### RAW DATA
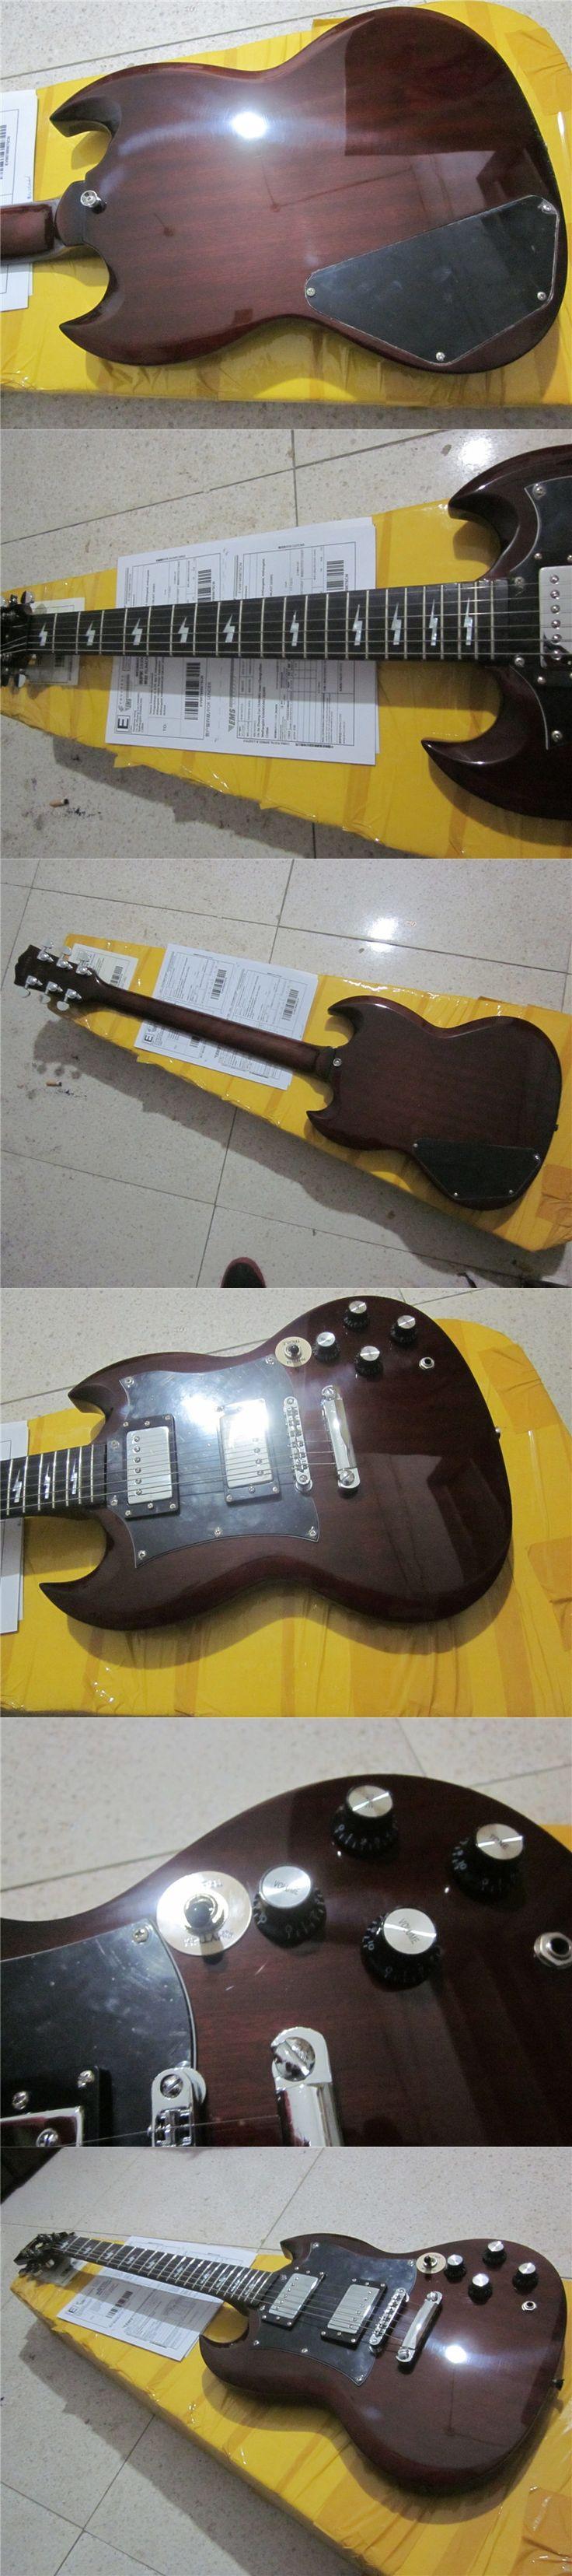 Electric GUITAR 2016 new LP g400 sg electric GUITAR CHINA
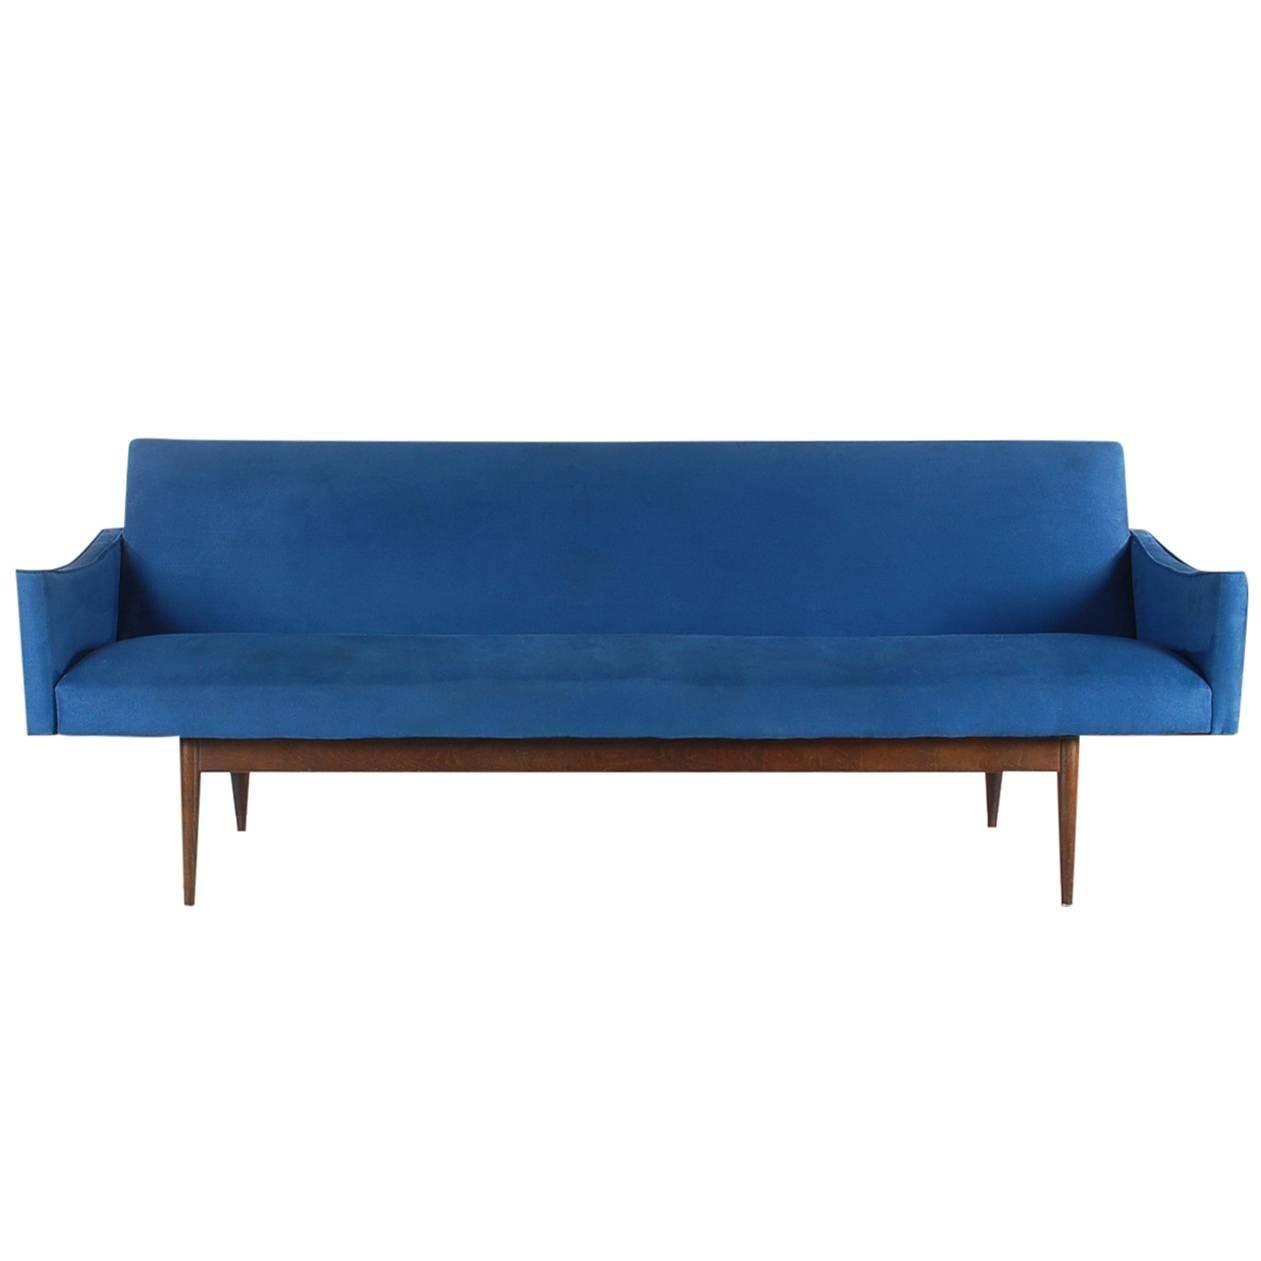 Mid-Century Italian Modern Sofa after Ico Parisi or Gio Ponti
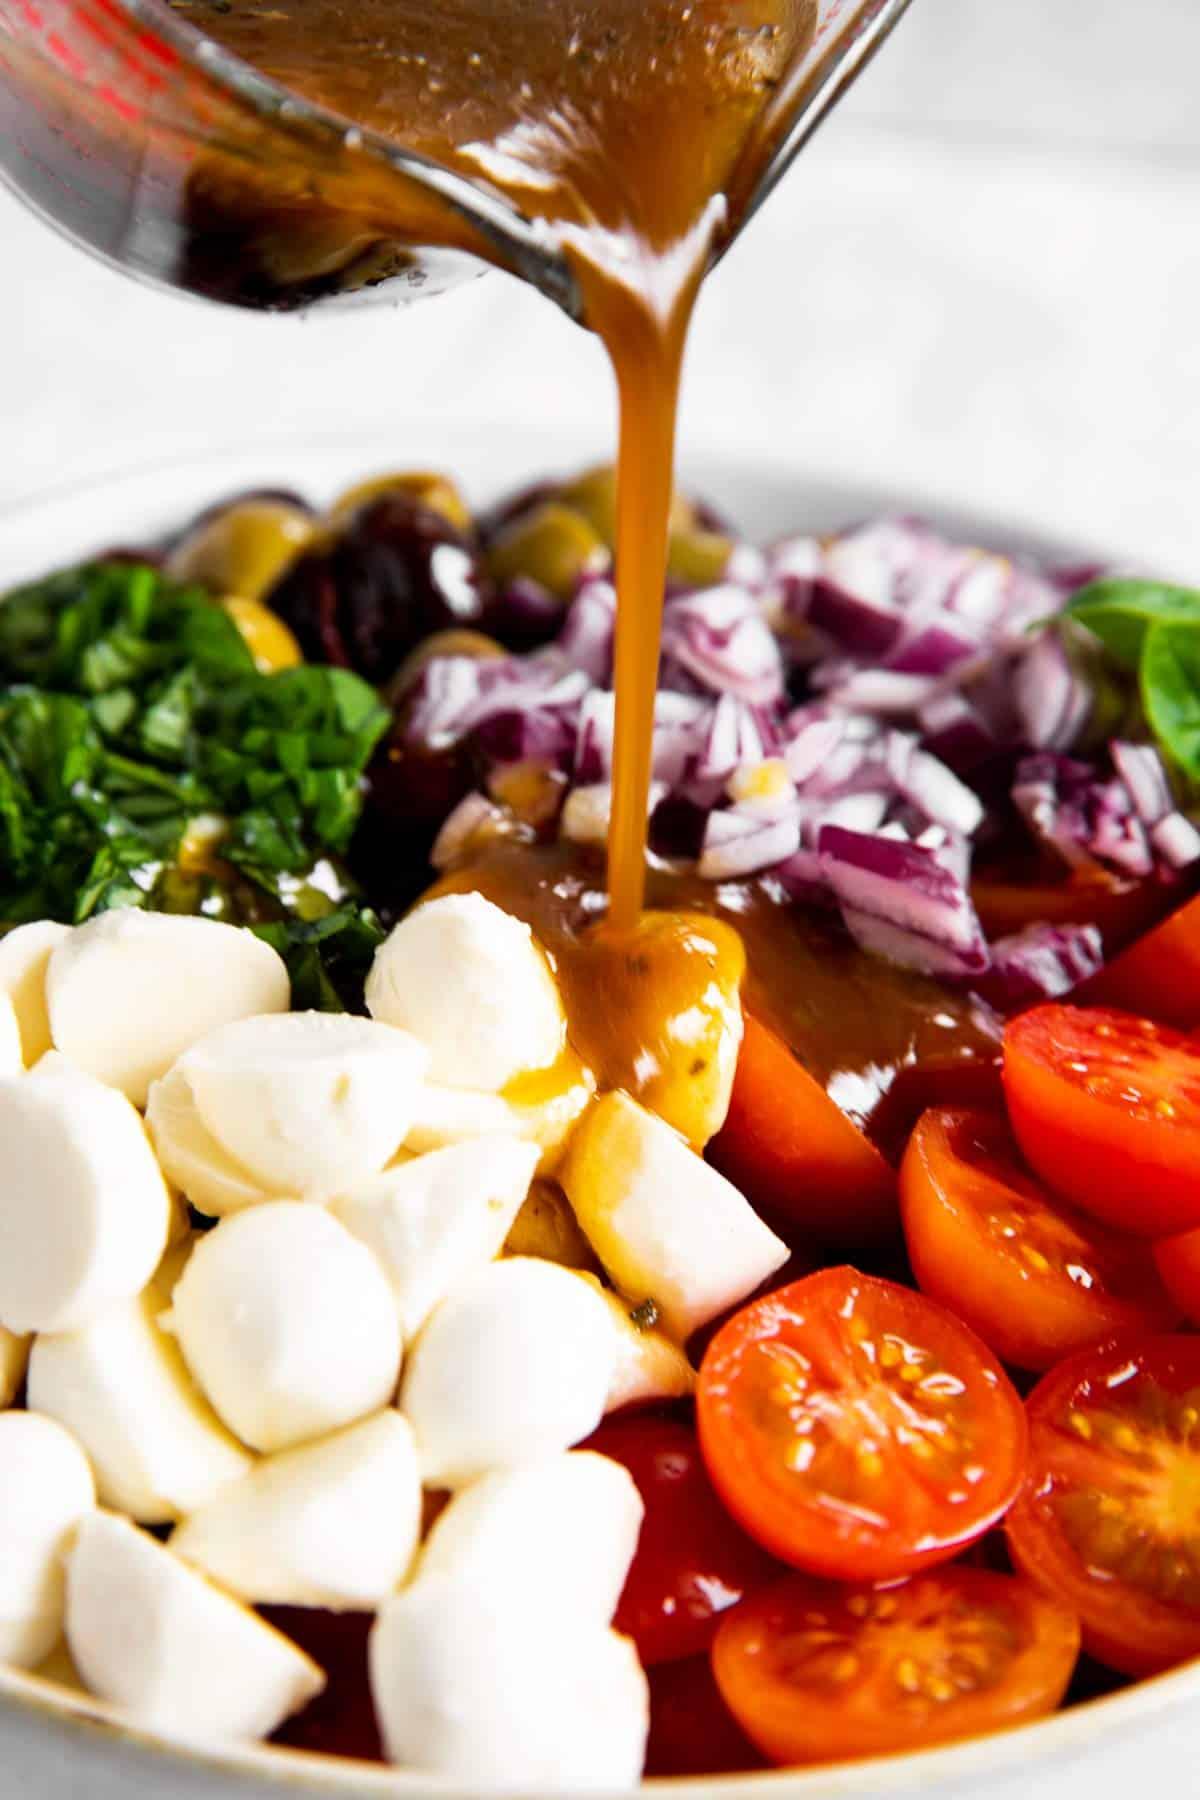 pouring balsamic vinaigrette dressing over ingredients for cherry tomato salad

### WORK ITEM
Print each line of the listing exactly and include no pictures.

### EXERCISE OUTPUT
 Electric GUITAR 2016 new LP g400 sg electric GUITAR CHINA
 Mid-Century Italian Modern Sofa after Ico Parisi or Gio Ponti
 pouring balsamic vinaigrette dressing over ingredients for cherry tomato salad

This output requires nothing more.